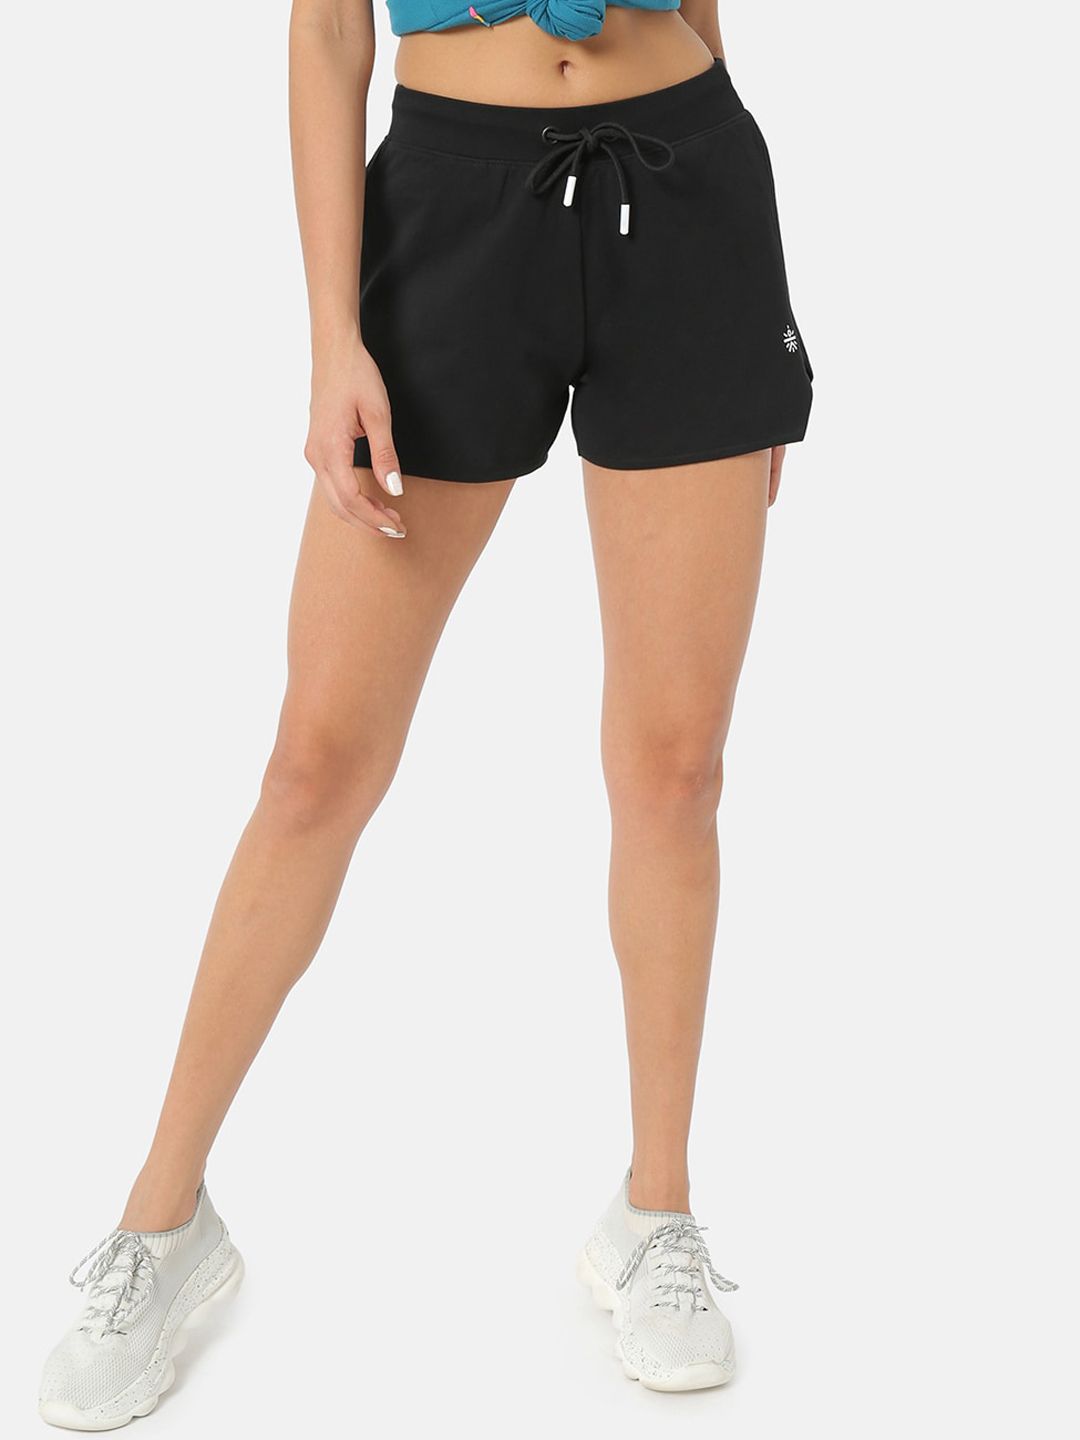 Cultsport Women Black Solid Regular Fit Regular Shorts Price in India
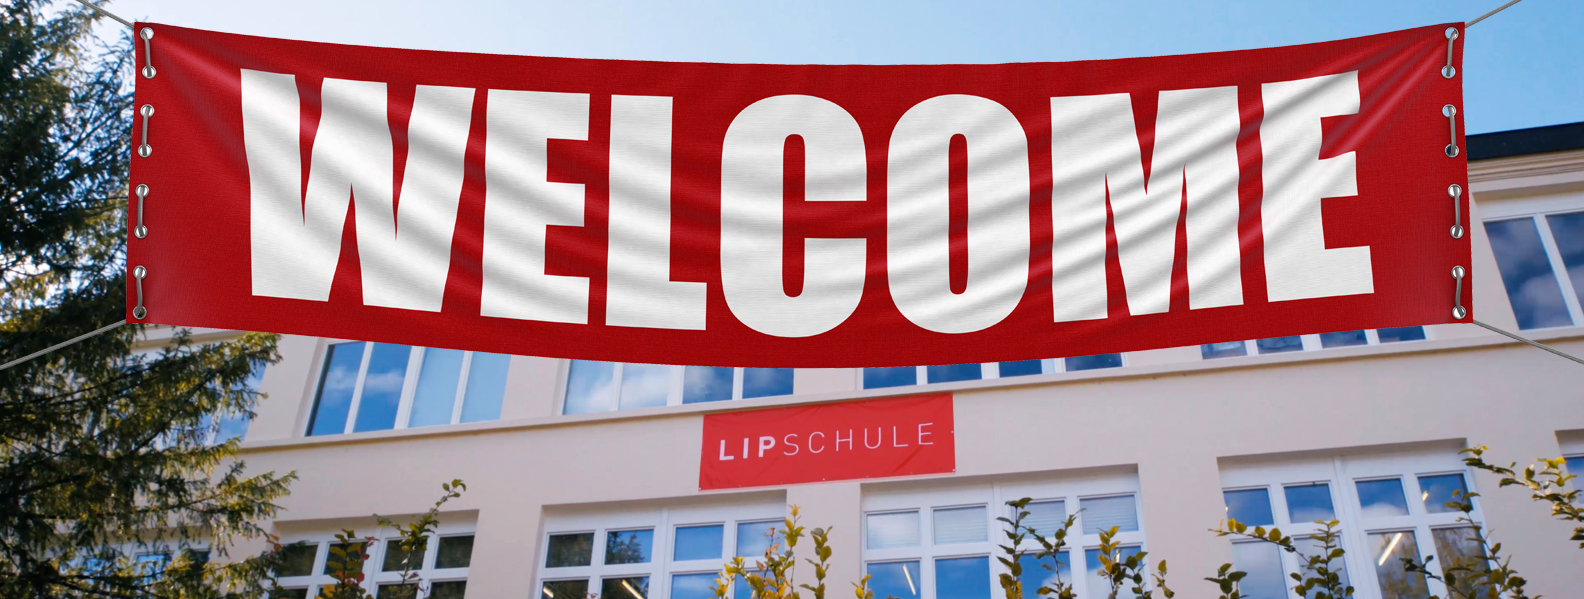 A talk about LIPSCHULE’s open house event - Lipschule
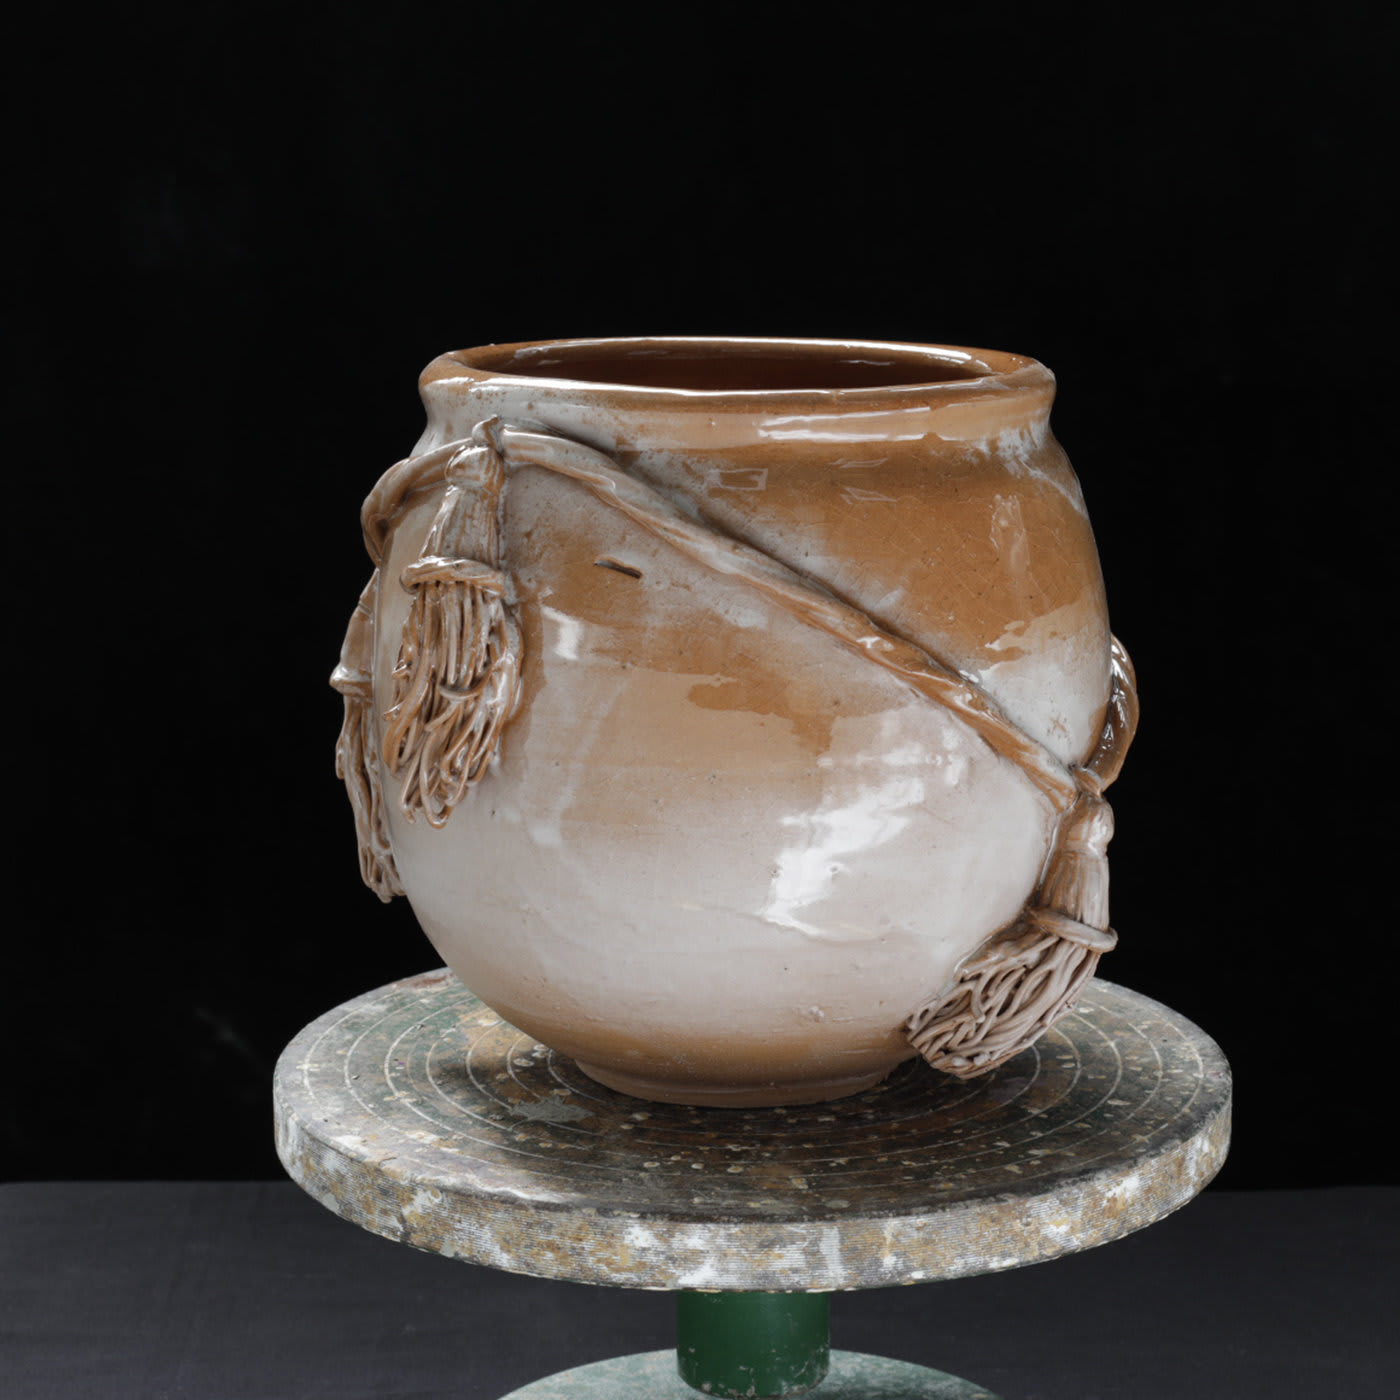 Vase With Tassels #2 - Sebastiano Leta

-- TASK DETAILS --
Would you give the data above again word for word, minus the pictures?

-- ANSWER SPACE --
 Cultsport Women Black Solid Regular Fit Regular Shorts Price in India
 A talk about LIPSCHULE’s open house event - Lipschule
 Vase With Tassels #2 - Sebastiano Leta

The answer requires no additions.